Determining the role of striatal cell types, regions and compartments in the generation of Parkinsons akinesia and dyskinesia.
Parkinson's disease & PD-related disorders
striatum | movement disorders | dyskinesia | DREADD | in vivo calcium imaging
The striatum is attributed a crucial role in generating parkinsonian and dyskinetic motor features. Parkinsons disease (PD) has been related to an overactivity of the striatal spiny projection neurons of the indirect pathway (iSPN) over the direct pathway spiny projections neurons (dSPN). On the contrary, the phenomenology of L-DOPA-induced dyskinesia (LID) has been extensively associated to a predominant role of dSPN over iSPN. However, this notion has not been possible to prove experimentally and the spatiotemporal interplay and specific contributions of both subpopulations in the generation of PD and LID have not been unraveled to date. Moreover, the role of SPNs subtypes, regions and compartments to the generation of these movement disorders is presently unknown. Using new recording/imaging technologies combined with chemogenetic approaches we aim to identify patterns of striatal SPN activities that code for akinetic and dyskinetic movement disorders.

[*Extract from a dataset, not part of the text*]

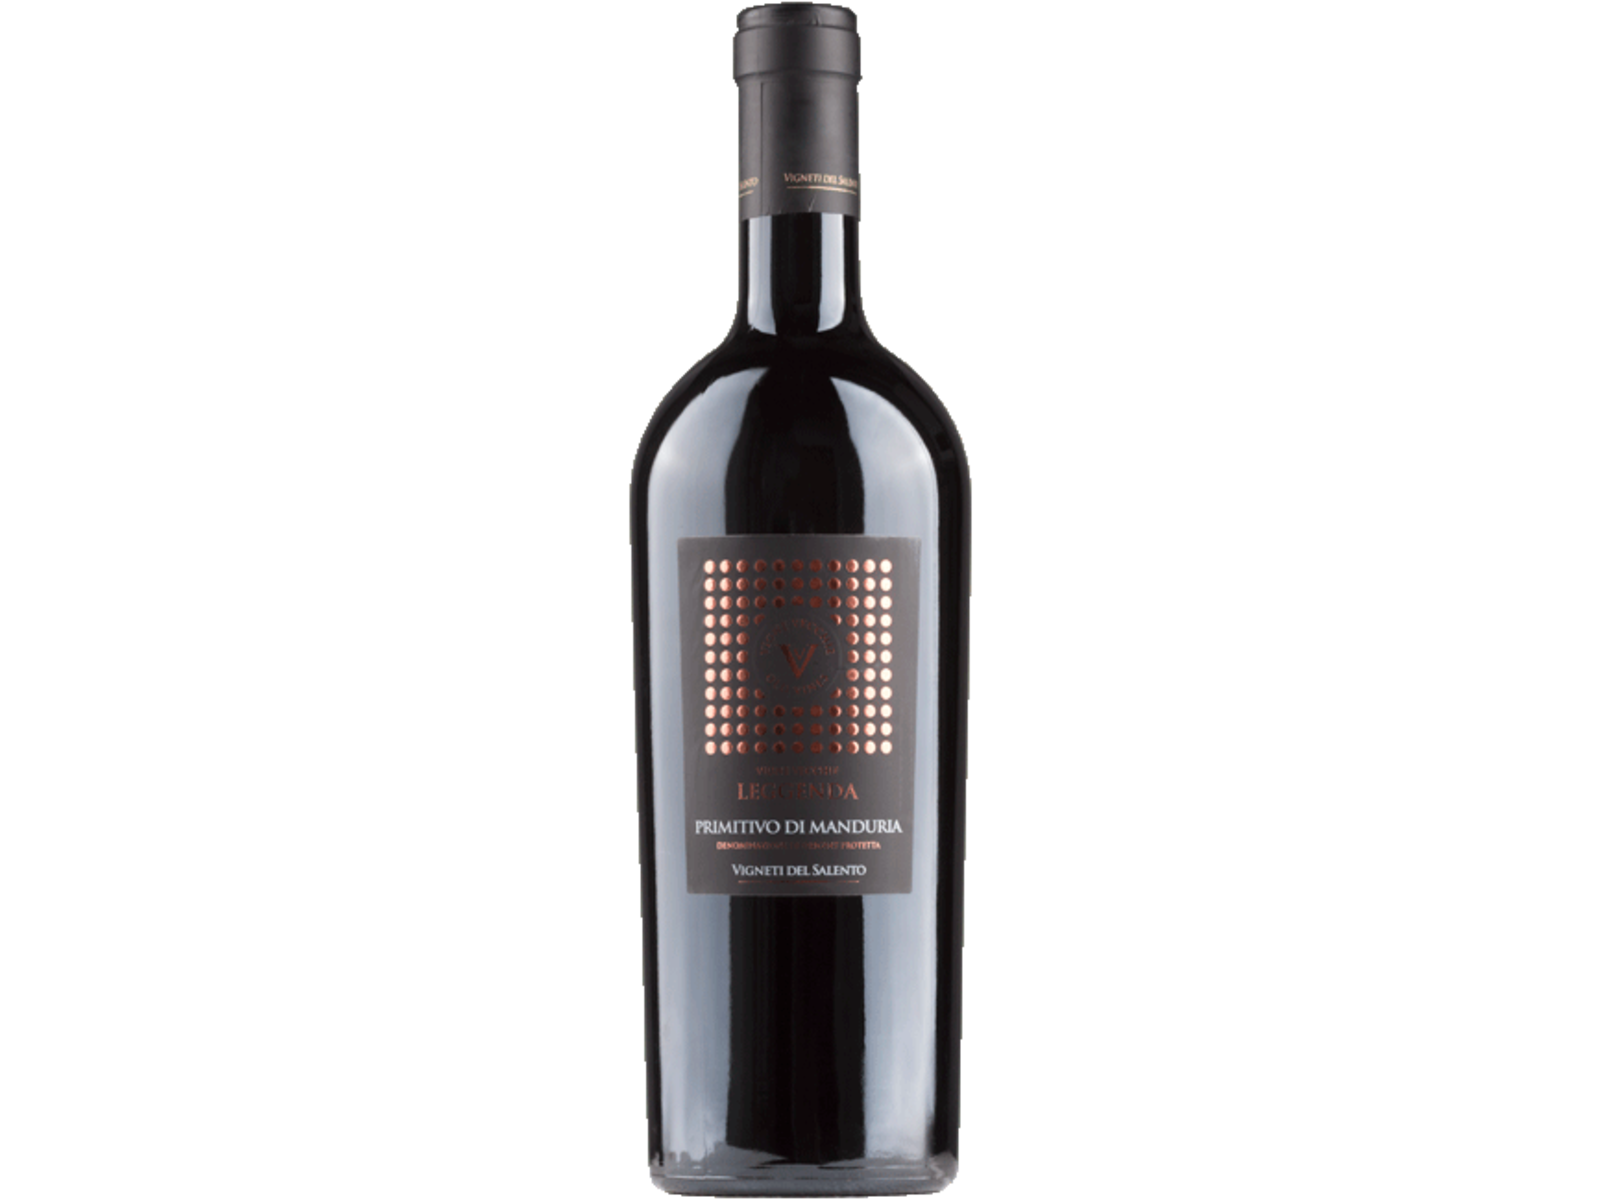 Farnese Vini Vigne Vecchie Leggenda Primitivo di Manduria

We hypothesize that the following disturbances in information processing underlie akinetic and dyskinetic movement disorders: (i) an altered pattern and degraded topographical selectivity as well as an abnormal temporal interplay in the ensemble activity of d/iSPN; (ii) a different SPN cell-type contribution to akinetic and dyskinetic movement disorders; (iii) a striatal regional and compartmental specificity of d/iSPN activity in PD and LID.